Ryan Murphy is right, we are all part of the Carolyn Bessette religion
And other thoughts I had while watching Love Story so far.
If you could see into my living room on any Friday night for the past four weeks you’d see me sat legs crossed for the better part of an hour, eyes glued to a screen showing Love Story.
This is very unusual for me. By that time of the week not a lot is keeping my attention other than what appears on my phone, but I think Ryan Murphy knows this about us. That we cannot, and have not, stopped watching.
Murphy himself called it a religion during the press tour. “Carolyn Bessette is clearly a religious figure and it’s a religion of her own.” He said this before the show even aired, and at a point when the internet was already losing its mind about whether Sarah Pidgeon’s hair colour was accurate enough that someone on the show had to track down and consult Carolyn's former colourist. Of course they did. Ryan Murphy didn’t create the Carolyn Bessette religion. He just built the church, and every Friday we fill every pew. Consider these thirty thoughts my offering.
I am immediately aware that I am watching two people who have no idea they are running out of time and it hurts.

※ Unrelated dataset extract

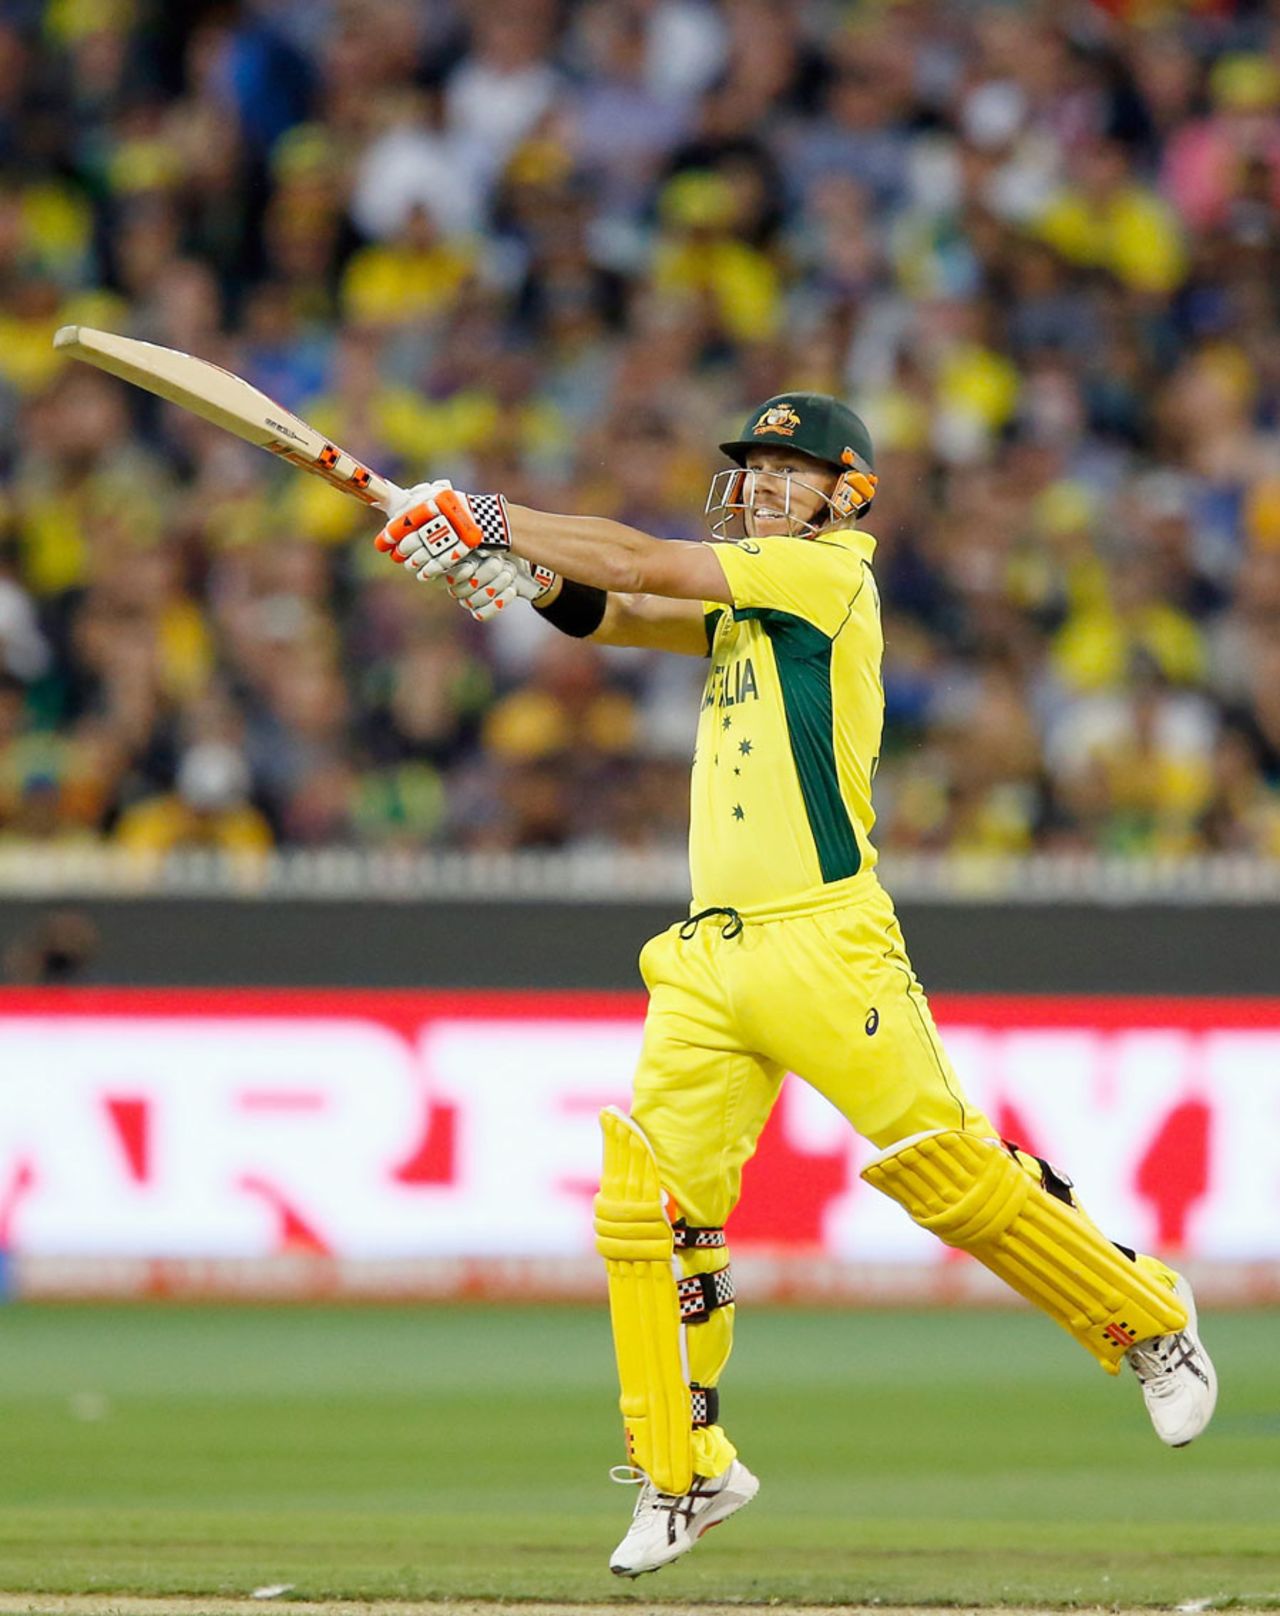 David Warner gets off his toes and plays a shot, Australia v New Zealand, World Cup 2015, final, Melbourne, March 29, 2015

This feeling does not go away.
She was a sales associate at the mall and now she is correcting Calvin Klein in his own showroom. Noted.
Do we still consider making a guy chase us romantic or have we moved on?
Carolyn has borrowed John’s shirt to wear to work one morning and looks extraordinary. Some people really do just have it.
Carolyn Bessette has made me want to throw out everything I own and start again with one perfect white shirt.
Did they really have matching tattoos?!
I’m going to need to see receipts on that apartment interior.
The lip biting. Was this real. I need a source.
A man who shows up late and still has the audacity to be that charming. Frustrating. Effective.
Can’t help but notice even the paparazzi are trying to emulate John’s style now.
I’m going to need a whole separate documentary about the Sex and the City creator not liking Carolyn and I need this immediately.
The arguments feel real in a way that is uncomfortable. These are two people who love each other and cannot get out of their own way.
They have really done John dirty here. They have made him look like the co-founder from hell.
The show has made me go down a George magazine rabbit hole at midnight.
Just looked up “what happened to George magazine after” and will immediately be closing that tab.
I have paused this show four times to look at coats online. This is not a criticism it is a confession!
Every scene with Lauren and Carolyn together feels so warm like the only place where Carolyn gets to just be herself.
Carolyn’s mother is in the back of a Jeep on a dirt road next to Ethel Kennedy and the look on her face is sending me.
Candlelit wedding venues are about to have a very good quarter.
Caroline Kennedy tells John that Carolyn’s relationship with the press won’t change until John’s does. The most useful thing anyone says to anyone across seven episodes.
The show makes you understand viscerally why she stopped going outside.
Carolyn’s nana reading the tabloids and too intimidated to call her own granddaughter broke something in me.
The mannequin in the shop window in a wedding dress next to a cardboard cutout of John that says “it could have been you.” Carolyn does not find this funny and Carolyn is right.
This show has given me complicated feelings about the nineties.
I am watching Carolyn try and deal with being the most photographed person in New York while actively not wanting to be and I feel complicit in a way.
Sarah Pidgeon plays Carolyn and she is very good. But we also don’t really have much to compare it to.
I have paused the show and am looking for real footage of Carolyn on YouTube. There are some grainy videos where you catch her voice and her laugh.
Thinking about how little Sarah Pidgeon had to build a performance on it’s extraordinary this show works at all.
So we’ve taken a woman who guarded her privacy like it was the only thing she owned and we’ve given her nine episodes on FX. Is that right?